Lo que diferenciaba a aquellas dos mujeres no era ni mucho menos la felicidad de una y la desgracia (posterior, ya que en aquel momento ninguno conocía de los problemas que puede sufrir una mujer) sino las pequeñas decisiones voluntarias unas e involuntarias otras que habían convertido aquellas vidas en paralelas. Vanessa tenía una edad en su cabeza muy similar a la de aquella Elisabeth Dalloway que llenaba la reunión con una exultante juventud. Si Virginia se hubiera parado a escribir un libro (qué cosas, como si las mujeres tuvieran tiempo de hacer ese esfuerzo pudiendo organizar fiestas o tener hijos) puede que hubiera decidido retratar lo peor de una sociedad vacía como aquella, en la que las fiestas son la sal de la vida para una mujer como Clarissa Dalloway.
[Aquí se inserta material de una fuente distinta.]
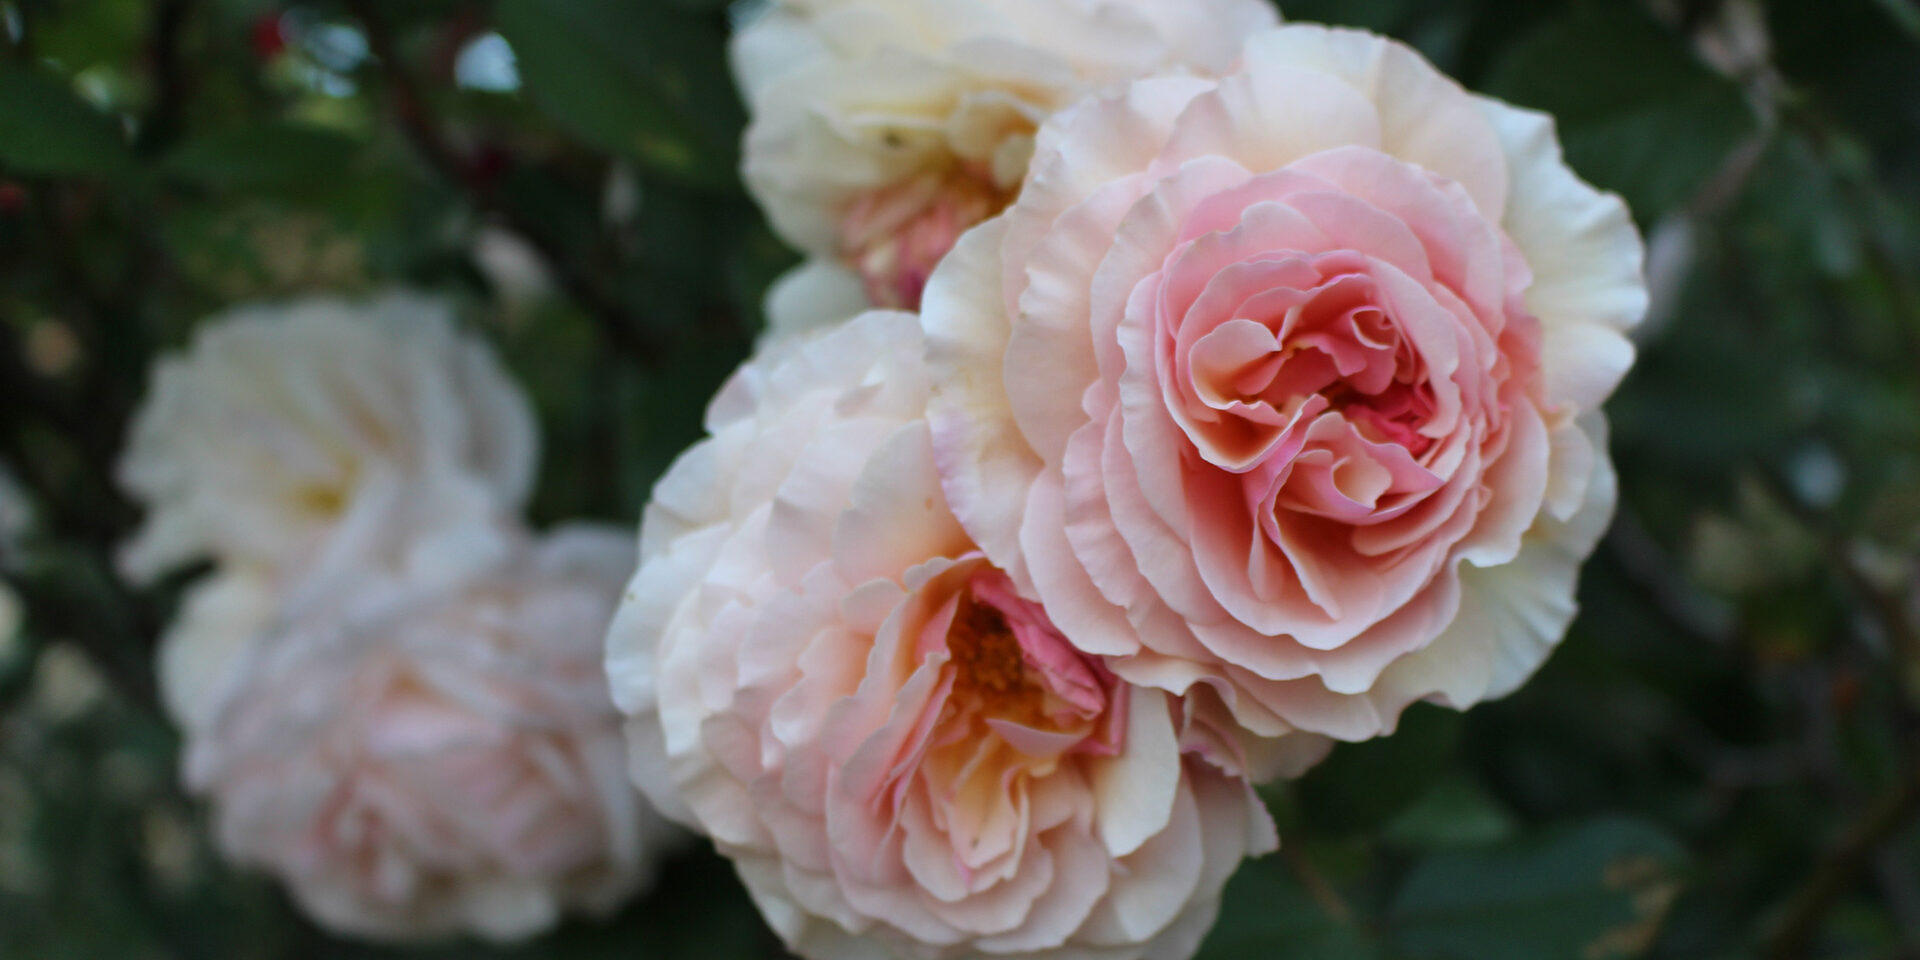 pink-and-white-rose-flowers-during-daytime

Sin embargo, a plena luz de aquella fiesta, entre copas de champán y una comida lo suficientemente frugal como para que los invitados no se vieran obligados a sentarse a descansar, aquellas dos mujeres podrían haber sido hermanas. Y, en cambio, qué opinión tan diferente tenían de la vida. Nadie habría apostado por esa idea, viéndolas conversar con total indiferencia sobre la vida de personas comunes entre ambas. La edad hace mucho por los miedos de las personas, le había dicho su padre en una ocasión.
En efecto, si Virginia se hubiera parado a escribir una historia sobre lo que podía haber sido su vida, tal vez (movida a hombros como si se tratase de un joven recién graduado en Oxford cruzando sobre sus compañeros todo Pickadilly por la curiosidad del saber) Virginia Woolf podría haberse visto convertida en una Clarissa Dalloway con la rapidez con la que se juzga a quien decide tomar las riendas de su vida.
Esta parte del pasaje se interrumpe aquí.